15 Comments leave one →
  1. lindabadham permalink
    December 29, 2012 12:49 pm



  2. catwhispurrer permalink
    December 29, 2012 1:05 pm

    Declawing is the equivalent of chopping off one’s fingertips along with the nail. If this is an unacceptable thing to do to humans, why should it be allowed for cats when it is clearly MUTILATION? This also takes away the cat’s ability to defend itself, affects its balance, personality, well being and sociability. Because there are so many alternatives, this is wrong on many levels. If it is done at all, it would have to be the last resort before euthanizing a truly dangerous psycho kitty, the lesser of two evils..
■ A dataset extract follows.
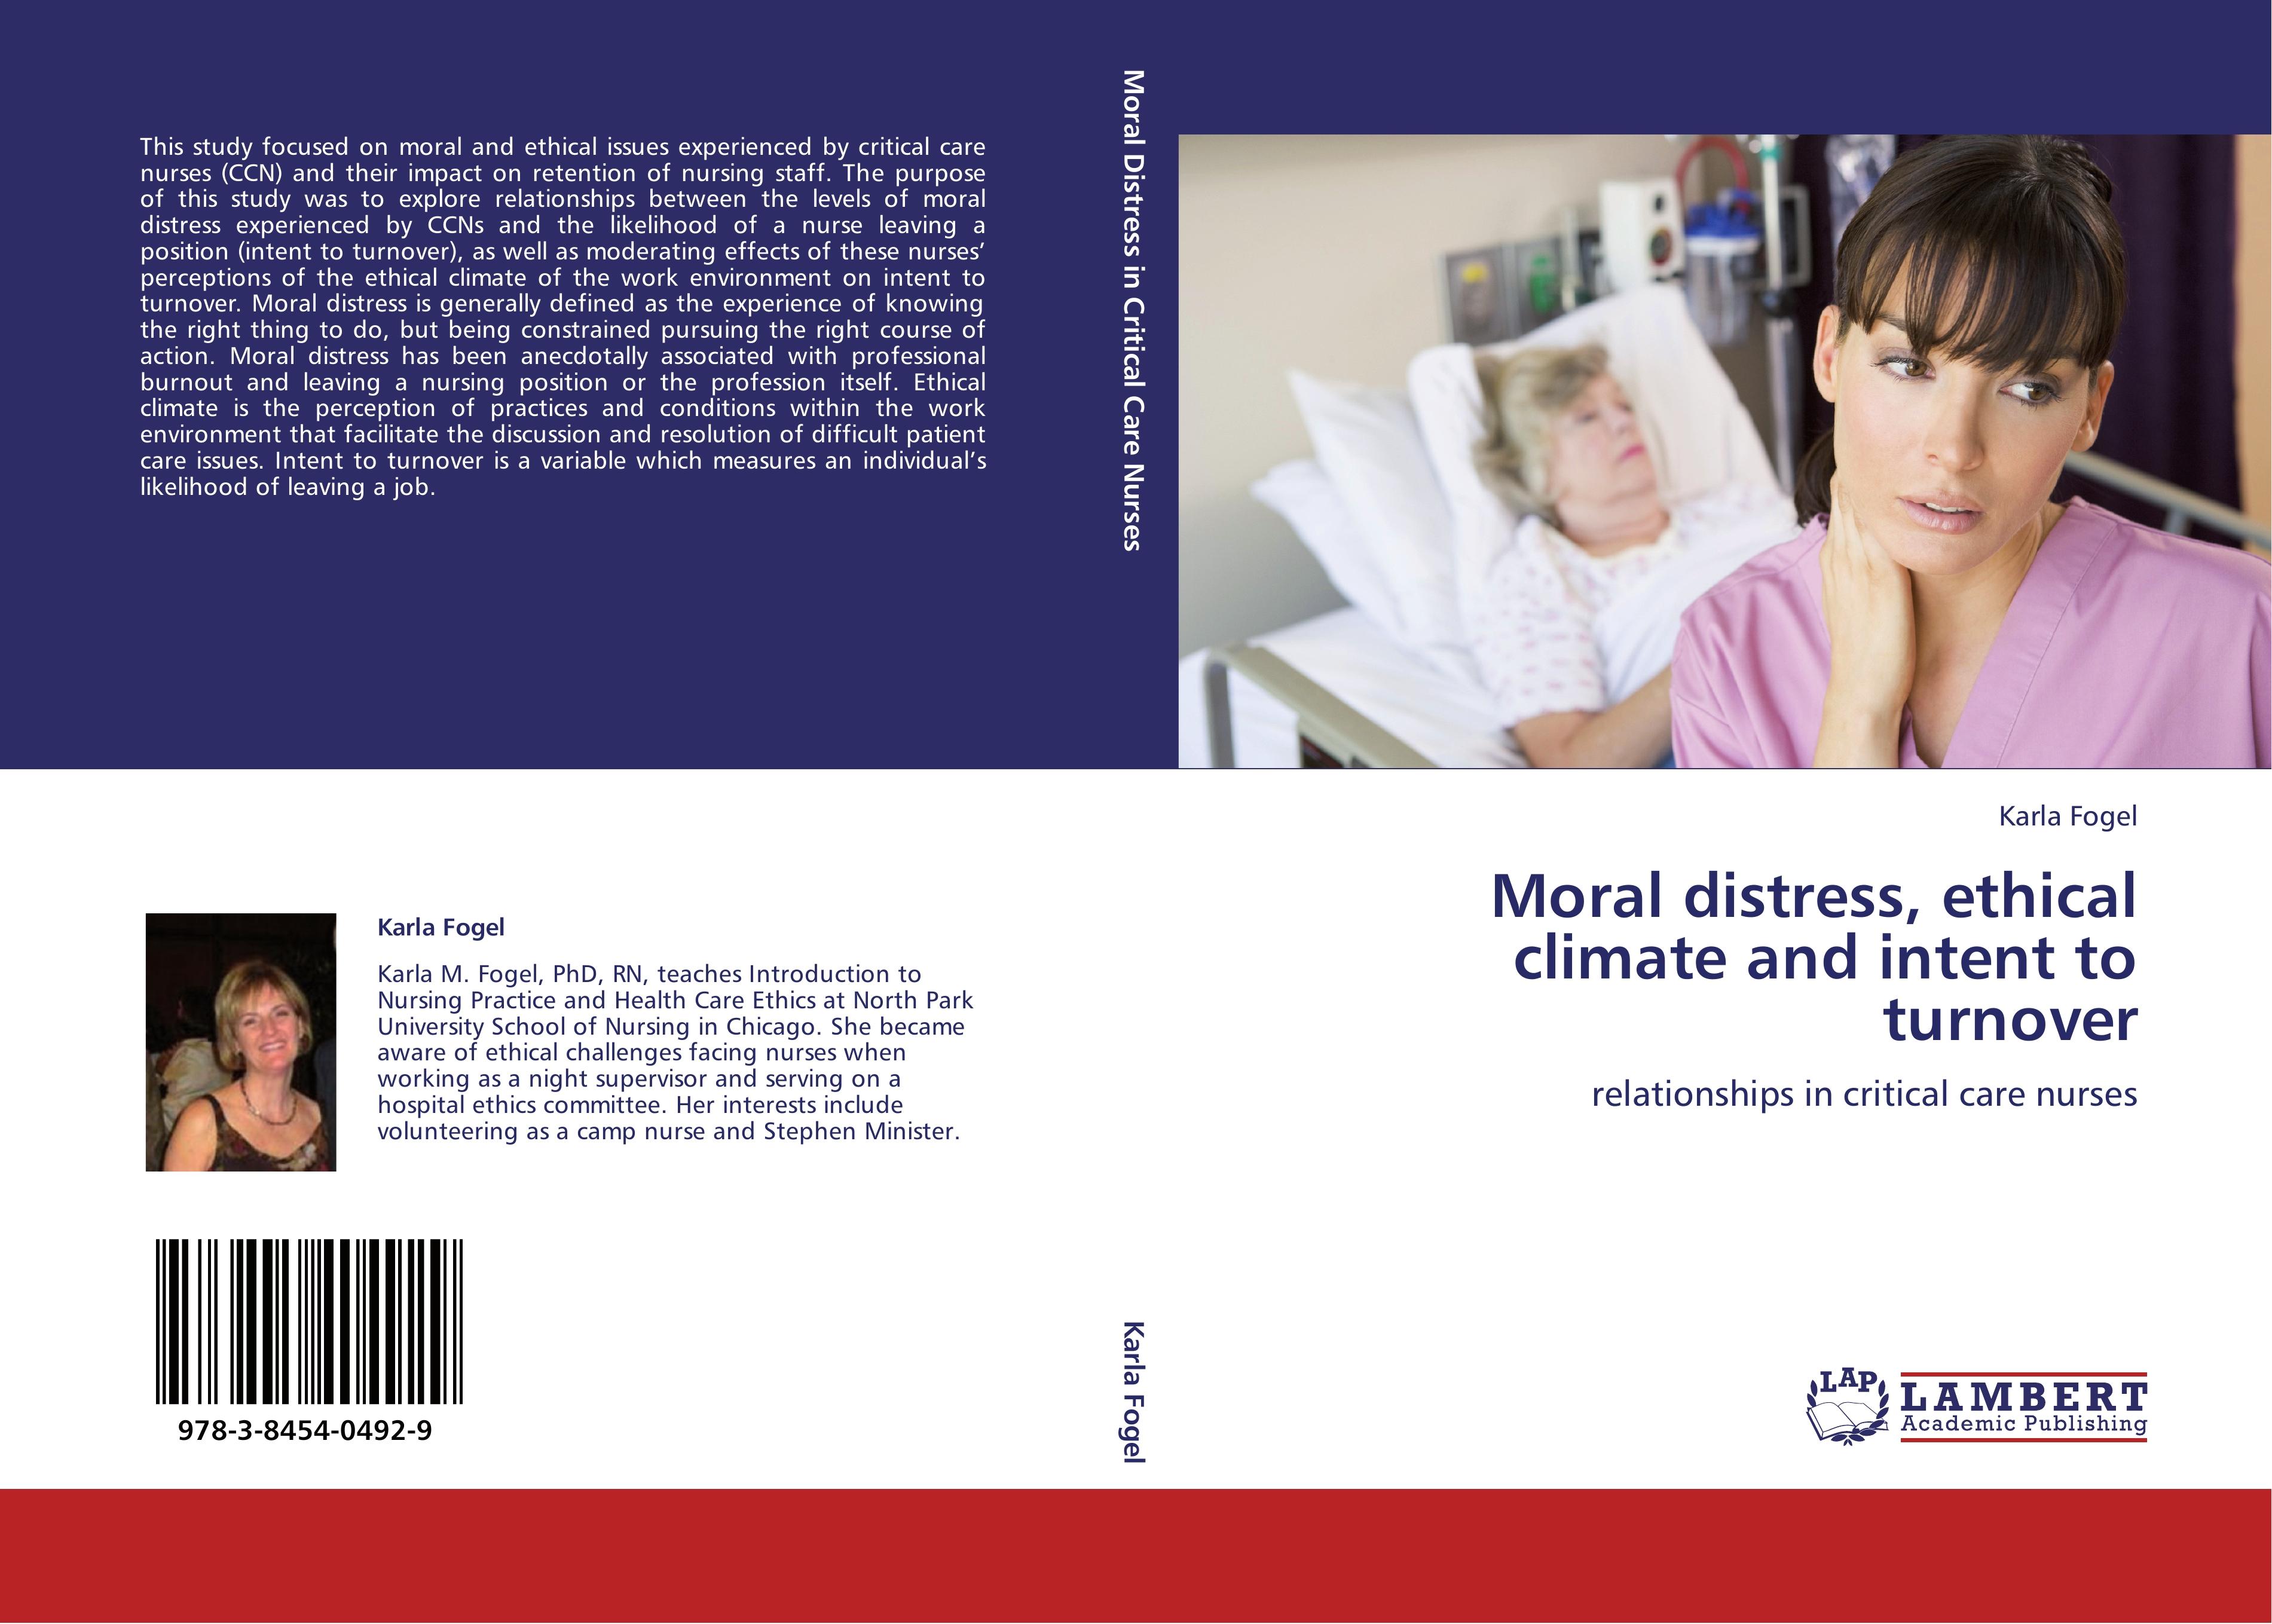 Moral distress, ethical climate and intent to turnover - Karla Fogel

  3. December 29, 2012 2:55 pm

    email sent and shared in several places thanks Stacey i am so against declawing of cats it makes me as mad as when they clip birds wings its wrong cruel and inhumane


  4. karenlyonskalmenson permalink
    December 29, 2012 4:48 pm

    my paws hurts so much,
    they do not feel the same,
    i cannot grasp, i am not
    in the cat game.
    walking feels funny,
    jumping so hard.
    what happened to me,
    why was i dealt this
    cruel card?

    every declawed cat!


  5. jacqui Gill permalink
    December 31, 2012 4:05 pm

    And so if ONE of your defence mechanisms was forcibly withdrawn, YOU’D be totally at ease with that would you??? This insane activity needs to be stopped. Surely there are other things this Vetinary outfit could and should be teaching students. How about de-sexing humanely for one. I am disgusted at these Ethic,, mind you, can’t complain about them having ANY AT ALL, cause they don’t !!!


  6. Tina Dior permalink
    January 3, 2013 7:25 pm

    cruel, unnatural and unnecessary. Stop this now.
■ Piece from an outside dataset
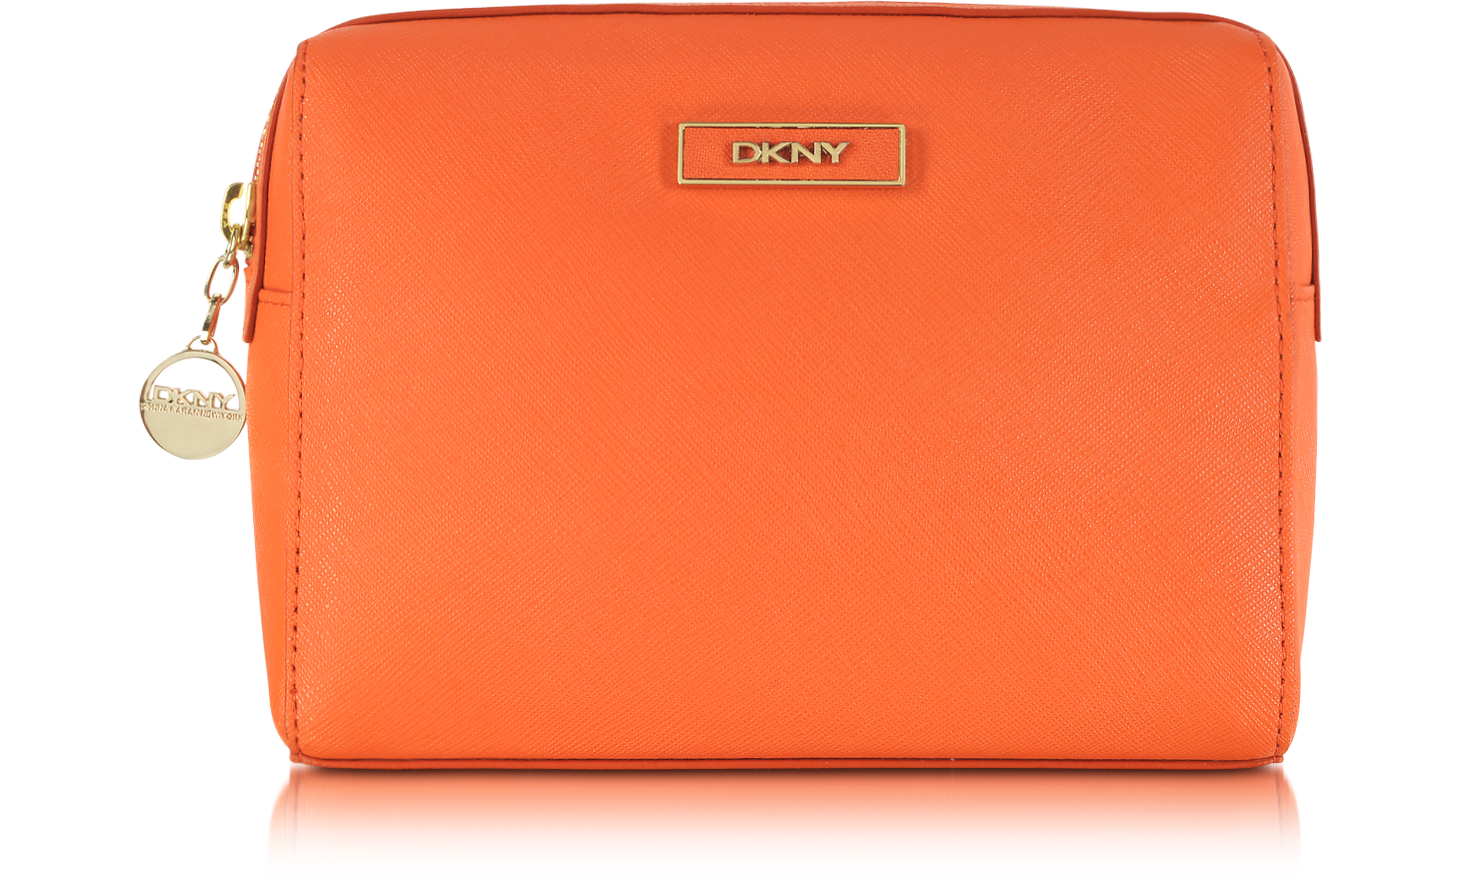 DKNY Orange Saffiano Leather Cosmetic Case at FORZIERI

  7. Kathy Weber permalink
    January 12, 2013 7:28 pm

    I have been reading Tufts U. School of Vet Med. cat newsletter, Catnip, for many years. I have learned a lot and I respect what you do. However, I was saddened when I saw that you promoted declawing cats as a possible way to handle destructive scratching. I have owned many cats and foster cats/kittens for the local humane society and done so for over 25 years. Early on (back in the 1980’s I did not know how awful and inhumane this procedure was and we front declawed our first two kittens. Looking back I feel horrible about having done that. In about the last 6 years, I have learned more and more about how cruel this is and what devastating effects it can have for the cat. I currently work and volunteer for a local humane society and see cat after cat turned in because they have been declawed and stop using the litter box or have become aggressive. We have stopped taking these cats in because all we can do is euthanize them and we refuse to do this anymore. We spend hours trying to educate people who want to adopt our cats/kittens about the cruelty of this practice. Many seem to listen to us. Others have their minds set. There are many options to deaing with claws and there should be laws against this hedious procedure. California is becoming a leader in outlawing declawing in some of its counties and has recently passed a bill prohibiting landlords from requiring their tenants to declaw their cats. I personally have changed the minds of a few landlords about requiring tenants to declaw cats adopted from our shelter. I could go on for paragraphs reguarding this issue. I would really appreciate seeing an article in your Catnip newsletter on the devastating effects of declawing and the humane ways of dealing with claws.
    Kathy Weber


    • January 12, 2013 8:30 pm

      Exceptional commentary and personal experience, Kathy. I hope you also emailed it to It used to be considered a routine procedure, I am so glad people, such as yourself, have been reeducated as to the cruelty involved. Thank you.